Since the new solid-state drive has standard control electronics built in, it can be combined with up to three other Intel chips that don't have controllers, for a maximum of 16 gigabytes of storage, says Troy Winslow, flash marketing manager at Intel. While that may not seem like a lot compared with the 160-gigabyte hard drives in desktop computers, Larson pointed out that two gigabytes is enough to run some operating systems, such as Linux, along with software applications. The chip's electronics also allow it to work well with Intel processors, which make it useful for the ultramobile-PC market. And by 2010, Larson said, Intel expects to be able to cram 64 gigabytes of storage into a piece of silicon about the size of the new chip.

Flash has drawn criticism because its memory cells, which hold the electrical charges that represent data, tend to wear out quickly. But Winslow says that in the new chips, a memory cell can have data written to it and erased from it up to 100,000 times. And to ensure that no single cell gets overused, the chips have "wear-level" algorithms programmed into them, which evenly distribute reading and writing. Thus, flash memory could start to show signs of wear in about five years, depending on how it is used. In addition, the static electric field that holds charge tends to degrade over time; data losses in this case could occur after about 10 years.

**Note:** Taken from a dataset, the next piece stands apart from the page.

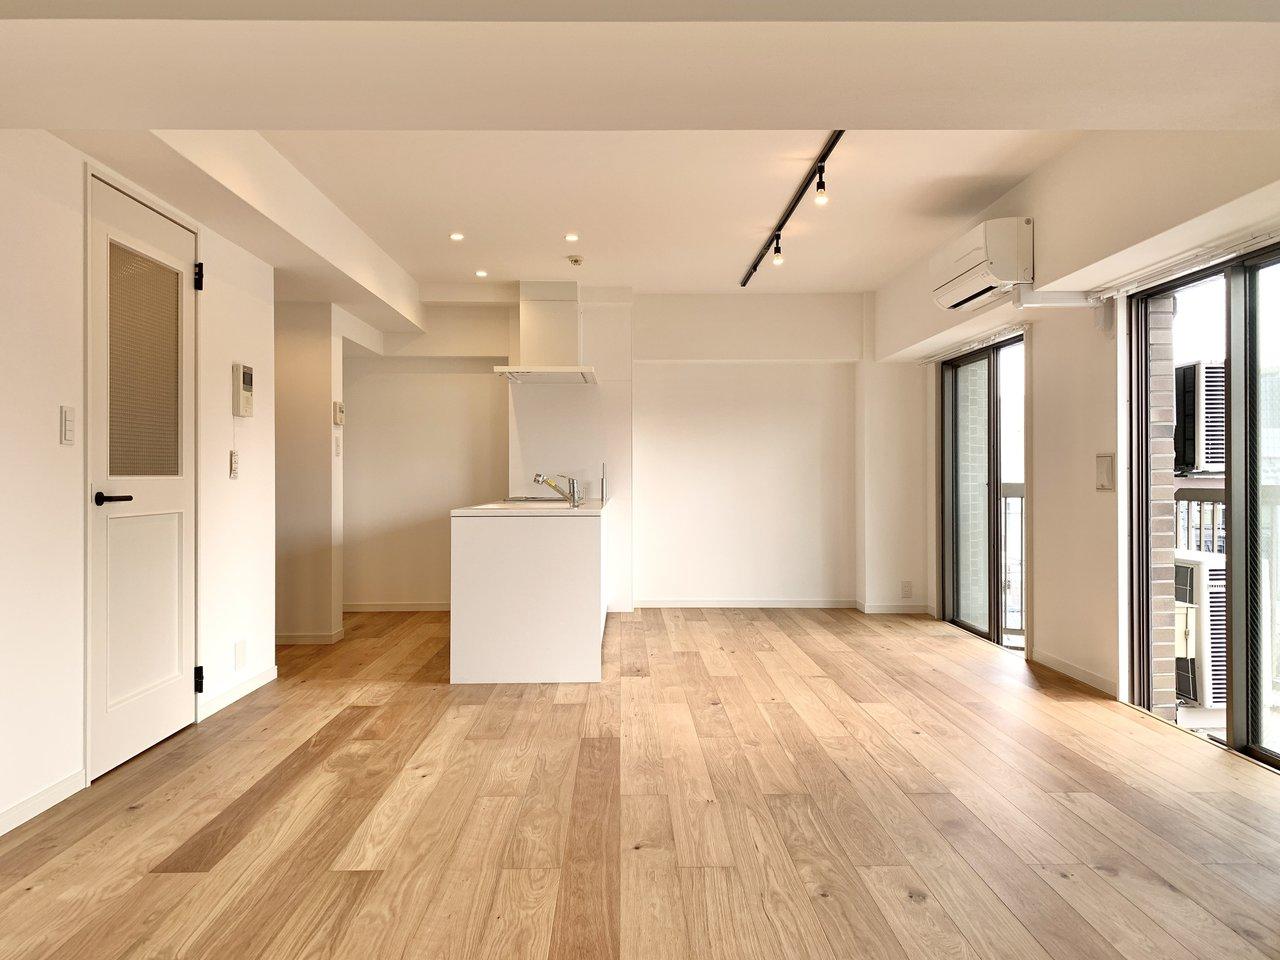 福岡・薬院のヴィンテージマンション。メリハリのある暮らしが実現できそうな80㎡超えのリノベーションルームが誕生です

Researchers at Intel and other companies are looking for the next solid-state technology that could replace flash. Winslow says that Intel is currently testing phase-change memory, a type of memory in which the crystal structure of a material changes in response to heat; particular orientations of the crystal correspond to 1s and 0s. Phase-change memory has many of the benefits of flash, such as its ruggedness and small size. But data can be written to it many thousands of times faster than it can to flash.